The impact of the hurricanes is one of many reasons migrants from Central America are making the dangerous journey to the U.S. southern border to seek refuge—and just one example of climate-exacerbated drivers of displacement and migration.

"The Migrant 'Surge' at the US Southern Border Is Actually a Predictable Pattern," Washington Post, March 25, 2021:

We analyzed monthly U.S. Customs and Border Protection data from 2012 through February and found no clear evidence that the overall increase in border crossings in 2021 can be attributed to Biden administration policies. Rather, the current increase fits a pattern of seasonal changes in undocumented immigration combined with a backlog of demand because of 2020s coronavirus border closure.

The last time the media believed Biden had the power to fix the border was during a temporary downturn in crossings in the spring:

"Where Did It All Go Right for Biden? Facts Blunt Republican Attack Lines," Guardian, July 30, 2023:

There were dire predictions about what would happen when pandemic-era Title 42 restrictions were lifted in May. Yet last month, under a new rule that makes it harder to attain full asylum, illegal border crossings fell to the lowest level in more than two years and the issue quickly faded from the news agenda.

"Southern Border ‘Eerily Quiet’ After Policy Shift on Asylum Seekers," Washington Post, July 12, 2023.

"Number of Migrants at the Border Plunges as Mexico Helps US To Stem Flow," New York Times, July 9, 2023:

The unusual scenes of relative calm flow from a flurry of actions the Biden administration has taken, such as imposing stiffer penalties for illegal border crossings, to try to reverse an enormous jump in migrants trying to reach the United States.

"Biden's Breakthrough on Immigration," Axios, June 24, 2023:

The Supreme Court's decision Friday allowing the Biden administration to target certain undocumented migrants for deportation came as new data indicate the president's latest border plan is slowing illegal crossings.

"As Border Crossings Dip, Biden Admin Crows About the Fiasco That Never Happened," Politico, June 6, 2023:

The Biden administration on Tuesday took a victory lap, declaring that its immigration plan is "working as intended" nearly a month after a major shift in policy at the nation’s southern border.
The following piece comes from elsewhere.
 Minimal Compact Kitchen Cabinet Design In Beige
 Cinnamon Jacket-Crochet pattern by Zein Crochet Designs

FLASH-FORWARD: White House spokesman Angelo Fernández Hernández clarified on Thursday that if Biden failed to secure the border, it would still be Republicans' fault.

"No executive action, no matter how aggressive, can deliver the significant policy reforms and additional resources Congress can provide and that Republicans rejected," Hernández said in a statement.
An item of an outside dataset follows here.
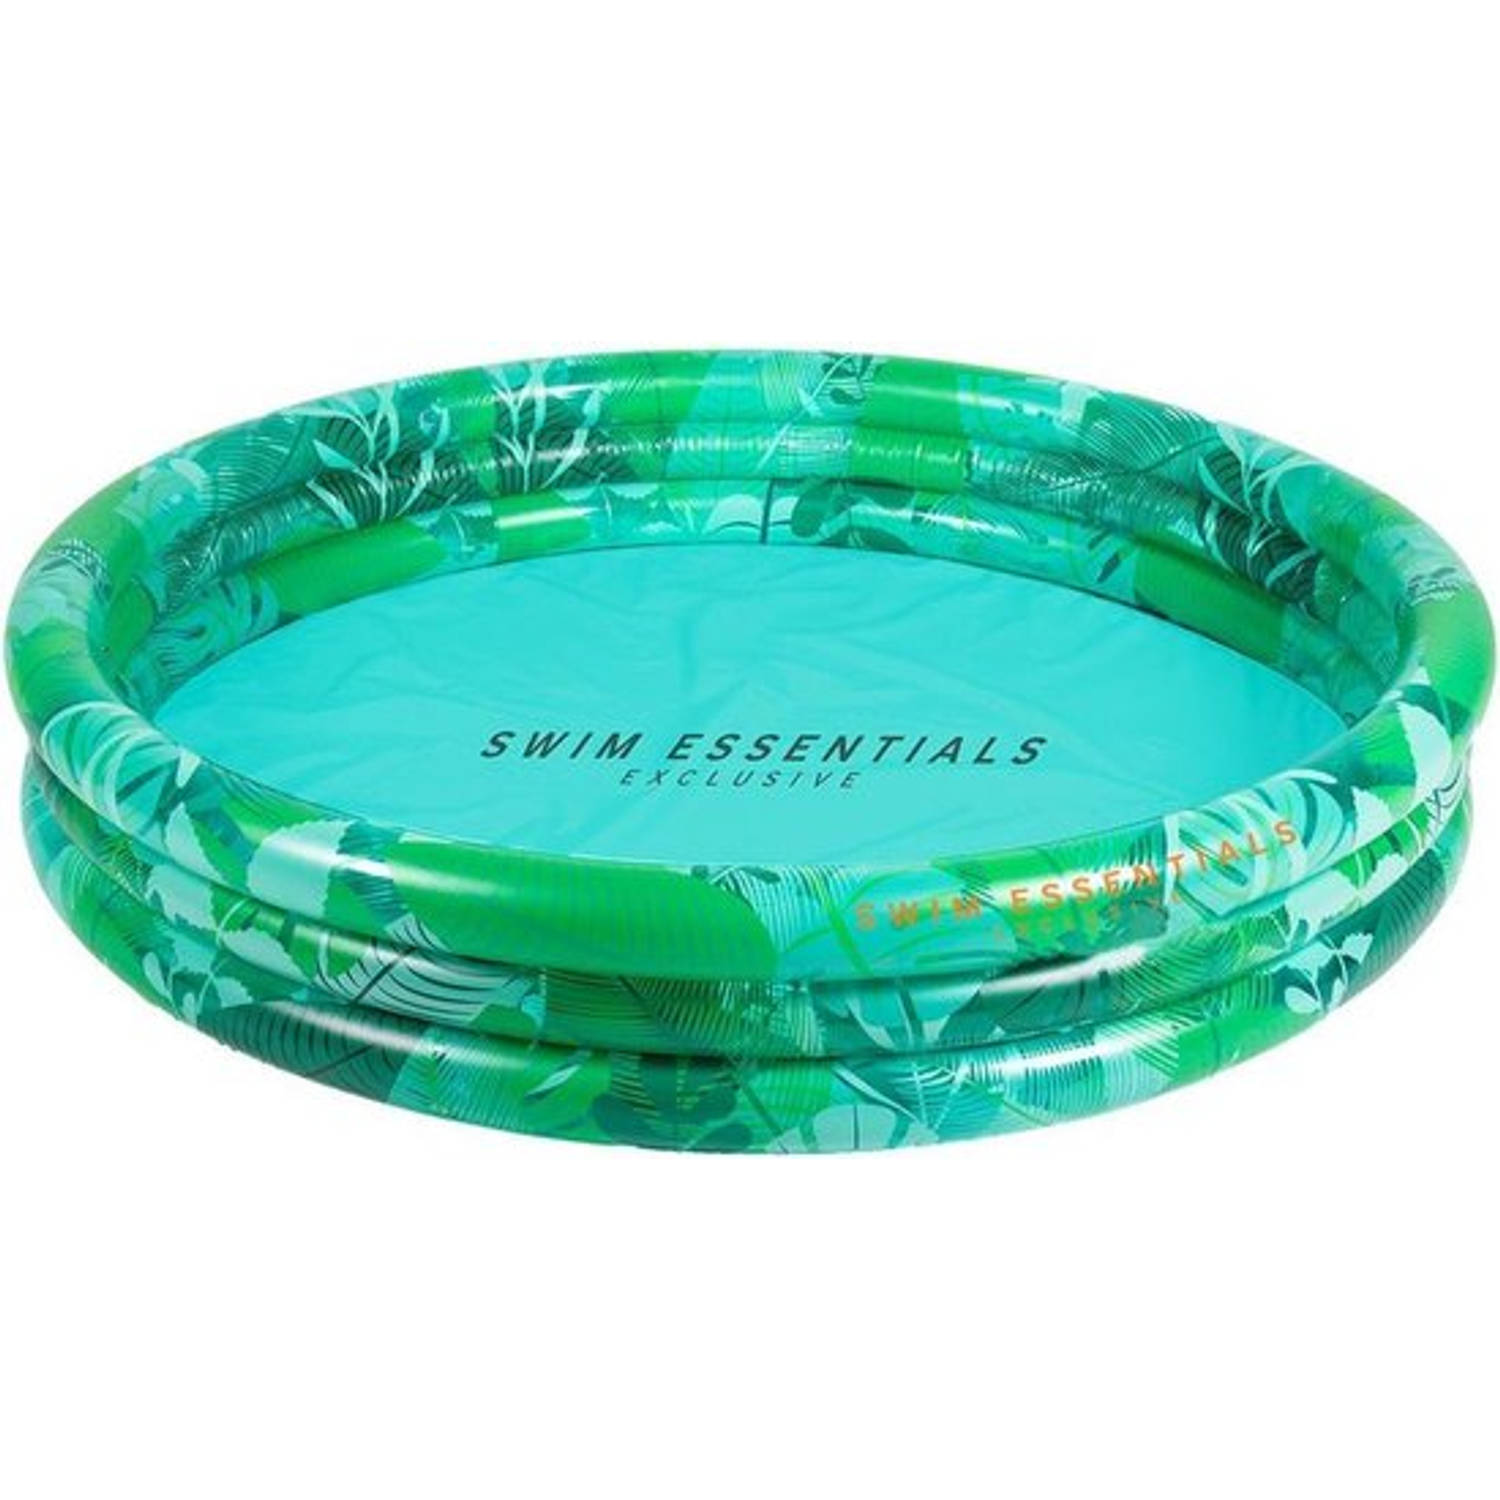 Swim Essentials - Zwembad - Tropical - 150cm - Opblaas Zwembad

News outlets also hedged on Biden's behalf. The New York Times reminded readers on Thursday that a presidential crackdown on asylum seekers "would undoubtedly face legal challenges" and "a lack of resources would still be an enormous obstacle to any major changes at the border." Plus, the newspaper reported: "Some of the circumstances at the southern border are well beyond the president’s control, including historic migration across the hemisphere from Venezuela, Haiti, Honduras and other countries facing instability, violence and natural disasters."

According to the Wall Street Journal, Biden may not even be trying to succeed.

The newspaper reported on Thursday: "One of the people familiar with the matter said that Biden is motivated in part by the desire to demonstrate to Republicans, who have said he possesses all the power he needs to control the border, that any action he takes unilaterally could be thwarted."